TensorWave, known for constructing data centers using AMD components, has secured an additional $100 million in funding to advance its infrastructure goals. This latest investment round, driven by Magnetar and AMD Ventures, increases the company’s total raised capital to $146.7 million.
Other contributors in the funding round included Maverick Silicon, Nexus Venture Partners, and Prosperity7. Amid industry-wide cost concerns caused by tariffs on servers and chips, analysts estimate data center build costs could rise between 5 to 15 percent.
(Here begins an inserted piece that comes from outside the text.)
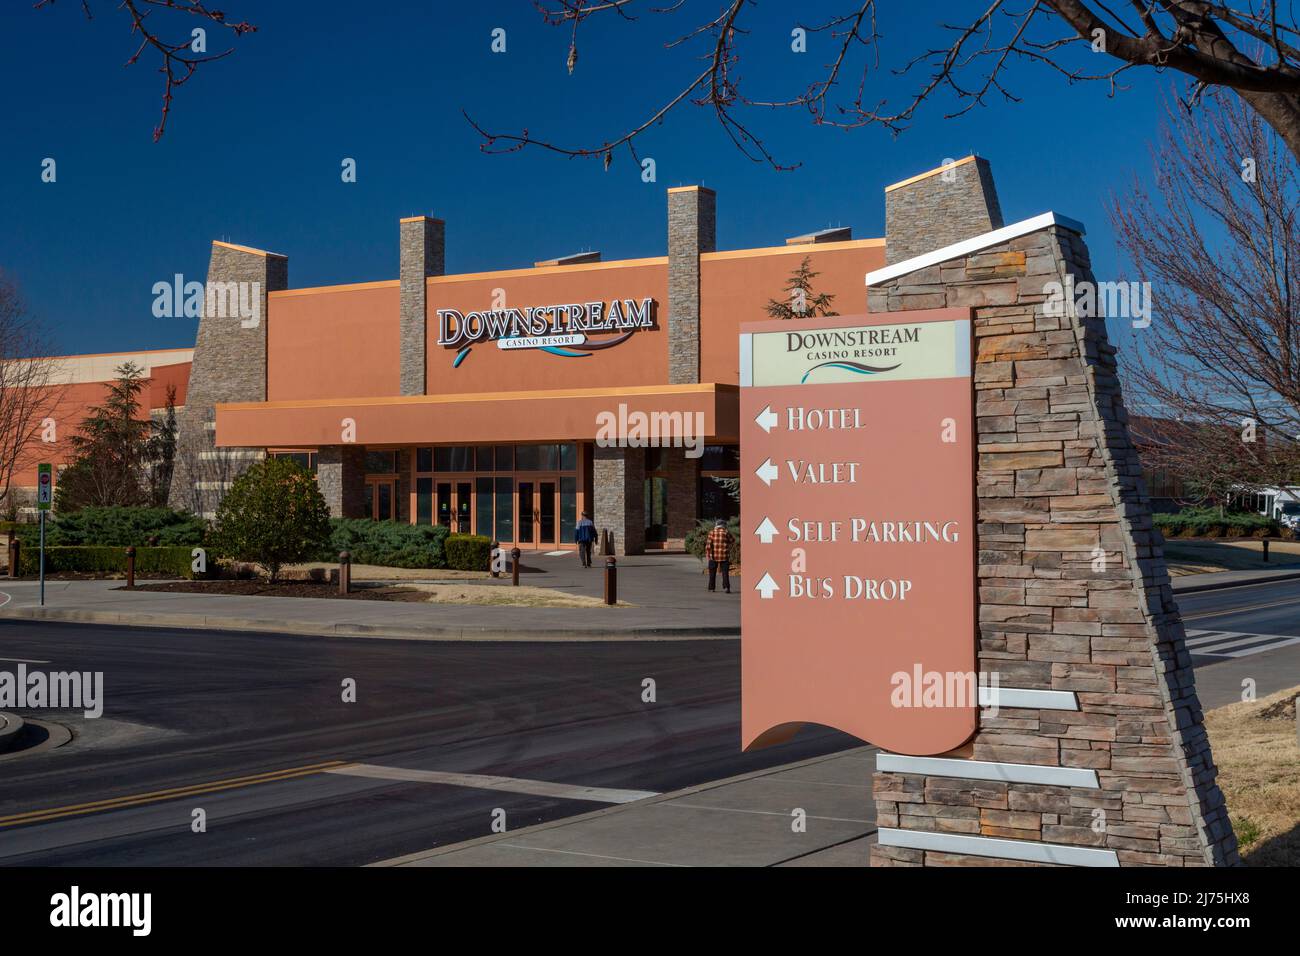 Quapaw, Oklahoma - The Downstream Casino Resort, owned by the Quapaw Nation of Native Americans. Stock Photo

Investor hesitation has grown due to the risk of oversupply, especially as affordable artificial intelligence services proliferate. Overcapacity concerns have even slowed giant projects like OpenAI’s large scale Stargate data center.
TensorWave Pushes Forward Despite Industry Headwinds
Despite these challenges, TensorWave, headquartered in Las Vegas, reports sustained business momentum. The company is projected to finish the year earning more than $100 million in run-rate revenue, surging twentyfold from last year according to CEO Darrick Horton.
While Nvidia remains the dominant choice for data centers powering AI training, TensorWave pursued AMD hardware from the start to provide lower cost cloud solutions. The company recently launched a powerful training cluster featuring about 8,000 AMD Instinct MI325X GPUs.
With its recent capital influx, TensorWave plans to expand this cluster, grow its workforce, and strengthen operations. Current staffing sits at 40, but leadership expects to surpass 100 employees before the year’s end.
According to Horton, the company’s mission is to make advanced AI computing accessible to a broader market, citing their Instinct MI325X deployment as just the first step. TensorWave joins a list of data center innovators, from new companies like Lamini and Nscale to established cloud providers such as Azure and Oracle, that are integrating AMD’s AI chips.
Founded in 2023 by Horton, Jeff Tatarchuk, and Piotr Tomasik, the team brings experience from ventures in cloud services, crypto mining, and digital marketing. Their combined expertise underpins TensorWave’s ambitions to become a leader in next-generation AI infrastructure.